Assim que o ambicioso trompetista Levee (Chadwick Boseman) entra em cena, logo percebemos que ele e a protagonista serão os fios ativos da trama e que o restante da banda se encaixará na história de uma maneira mais pragmática, porém eficaz. Levee claramente tem pretensões maiores do que as de um simples músico de apoio, mas a mãe do blues não permite qualquer tipo de interferência externa nas suas decisões tomadas a partir de uma posição hierárquica conquistada na marra, graças ao seu talento.
Então, para olhos mais preguiçosos, A Voz Suprema do Blues é um filme sobre músicos de blues que se juntam para gravar algumas canções, num dia quente de verão em Chicago, no ano de 1927. No meio disso, um trompetista abusado e uma cantora arrogante resolvem travar uma guerra fria inútil, tendo em vista que a corda só poderia arrebentar para o lado mais fraco e mais óbvio.
Na prática, há temas mais complexos de injustiça social que ainda ecoam na sociedade até os dias de hoje, mesmo depois de quase cem anos. Esse filme simboliza a experiência dos negros americanos no início do século XX e não há melhor lugar para começar a contar esta história do que pelo próprio blues, narrando dores, fugas, desejos e as formas de expressão que esse povo encontrou através da arte.
Não é coincidência que o blues tenha surgido no final do século XIX, quando as pessoas negras escravizadas foram, supostamente, libertadas da escravidão. Embora as restrições físicas em seus corpos possam ter sido eliminadas, as violações de garantias produzidas por uma sociedade imersa no racismo estavam só começando. O blues sempre foi refúgio.

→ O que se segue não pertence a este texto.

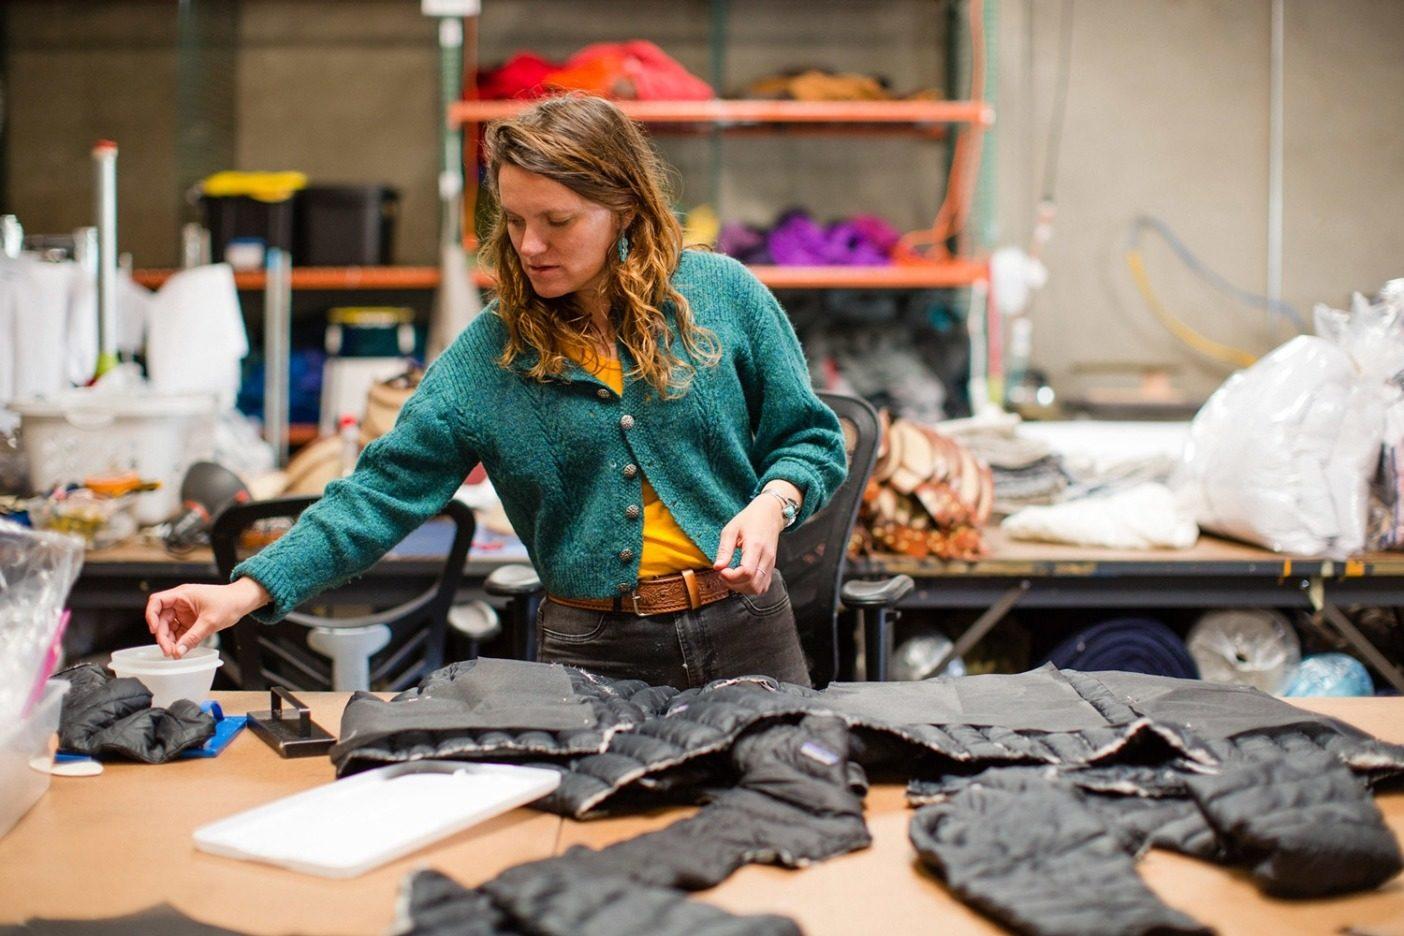 ネバダ州リノにあるパタゴニアのWorn Wear施設で収集した古着の端切れをReCrafted(リクラフテッド)の製品ラインに利用するロサンゼルスの縫製工場スアイのオーナー、リンジー・ローズ・メドフ。Photo:Kern Ducote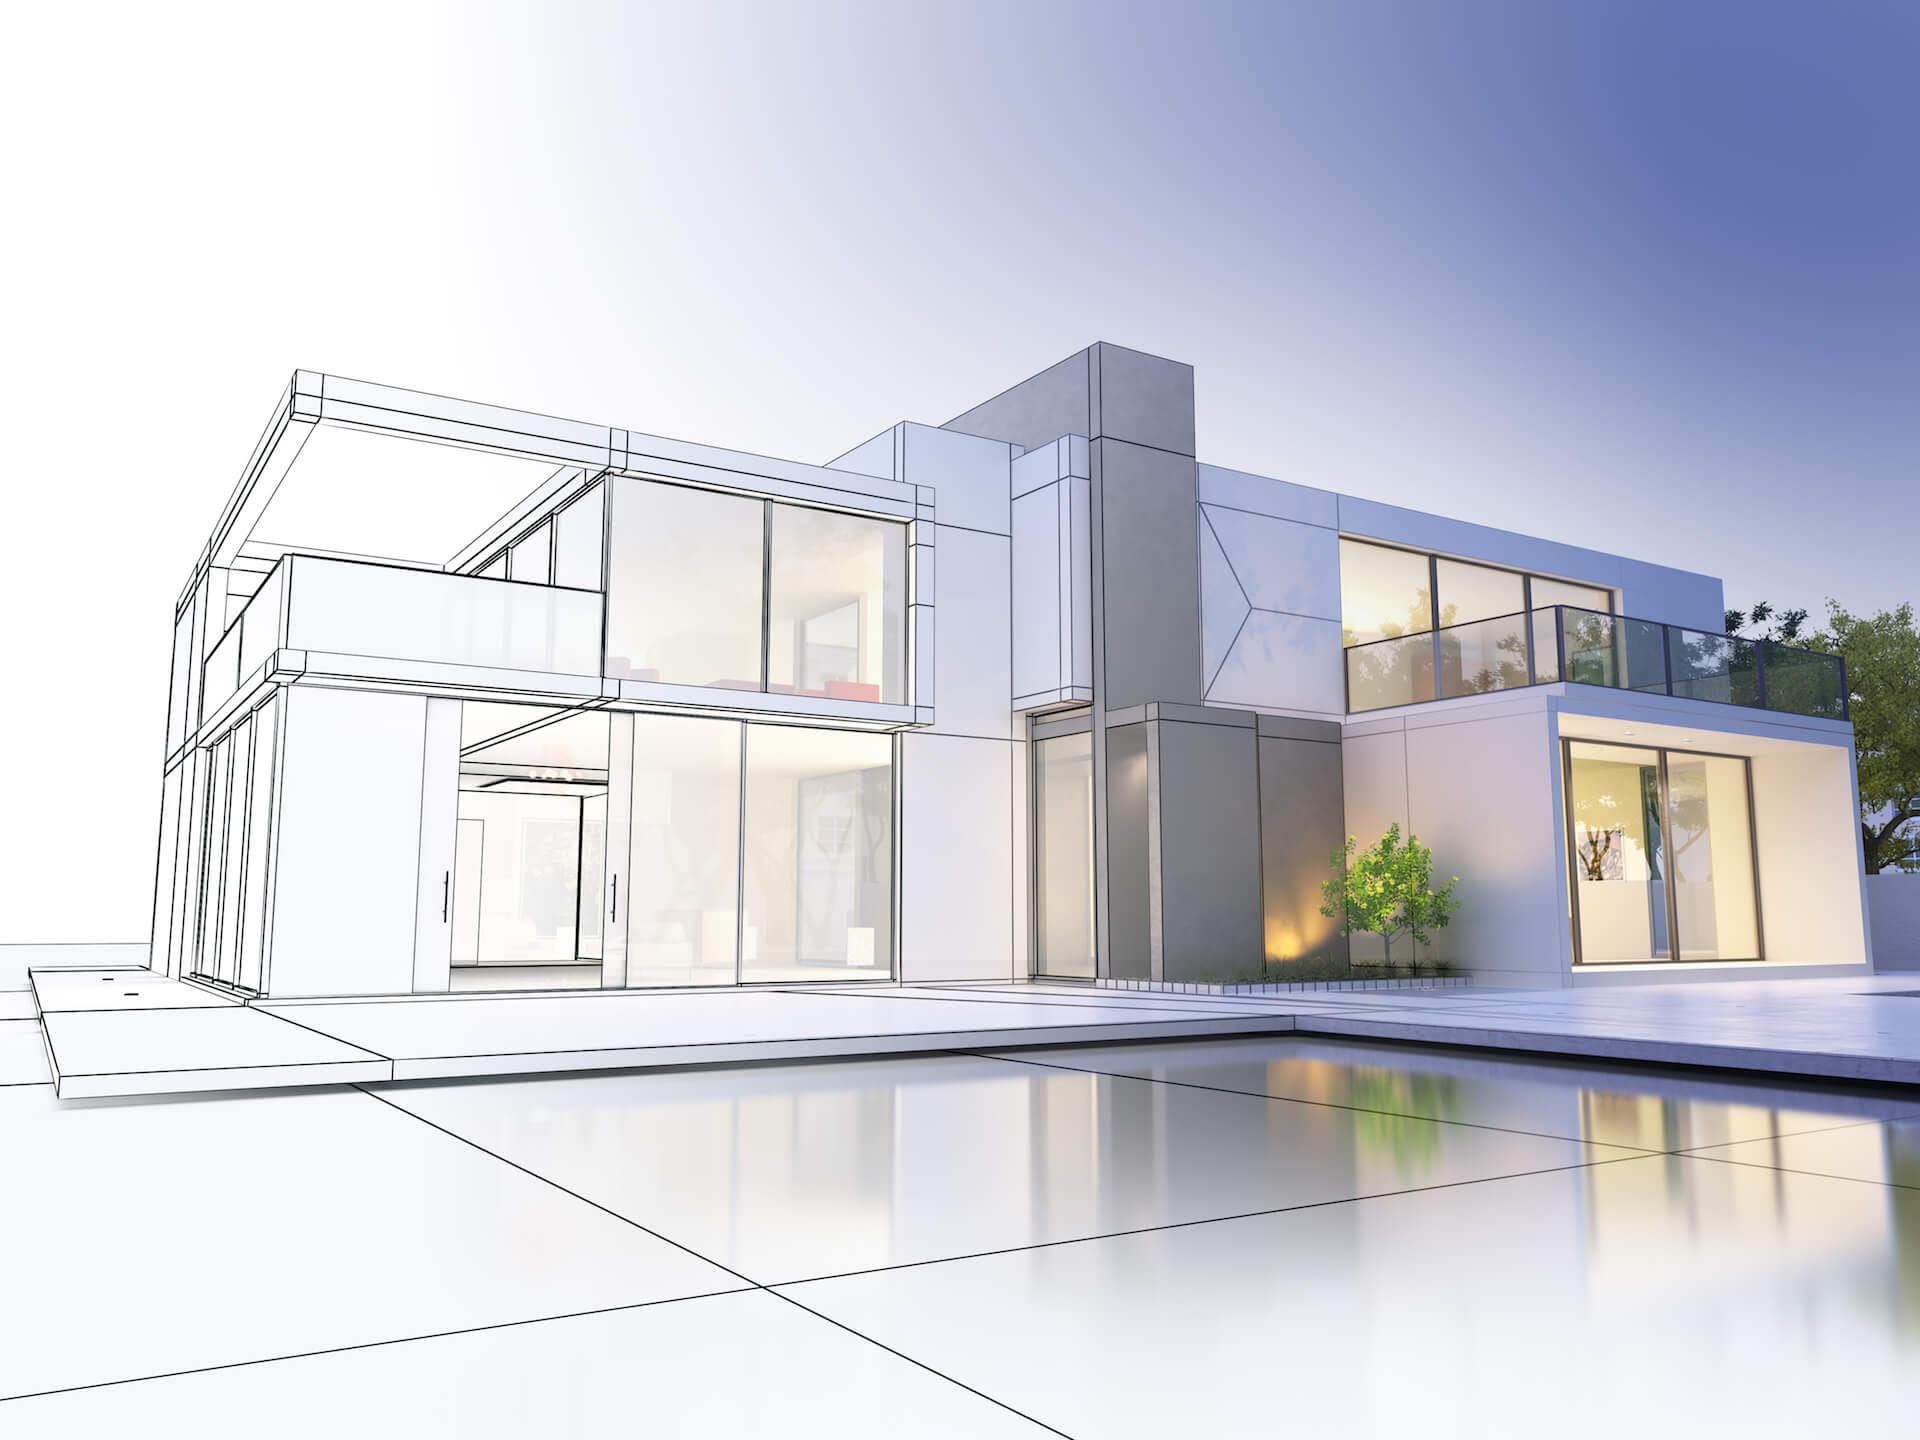 Matterport: 3D/VR for Business

É fazendo esse gancho entre música e resistência histórica que surgem os monólogos ilustrando as experiências de Levee, de Ma, de Toledo… Quando Levee descreve o testemunho da terrível violação da sua mãe por uma gangue de homens brancos, o discurso ganha uma potência absurda ao confrontar a religiosidade de Cutler, como se não houvesse justiça divina, reduzindo a distância entre ator e espectador, já que esta atuação se tratava do “canto do cisne” de Chadwick Boseman, que já batalhava contra um câncer.
Se o desempenho turbulento e deslumbrante de Viola Davis passa pela raiva e resignação da sua personagem, coberta por uma maquiagem berrante, por dentes de ouro reluzentes e uma considerável camada de suor permanente, Chadwick Boseman praticamente urra de dor e ansiedade, comprometendo-se com as cenas de uma maneira tão feroz que as emoções soam reais. O caminho para a autodestruição do personagem é seguido com o vigor de quem sabe que vai morrer.
E, por isso, talvez por isso, o momento mais impactante do filme seja justamente causado pela obsessão do seu personagem por uma porta, como um pesadelo capaz de simbolizar o futuro de Levee, enclausurado debaixo do céu, sucumbindo à ira imposta pelas suas próprias cicatrizes. A Voz Suprema do Blues é uma obra crítica e estimulante o suficiente para marcar com muito bom gosto a volta do Pantera Negra para Wakanda.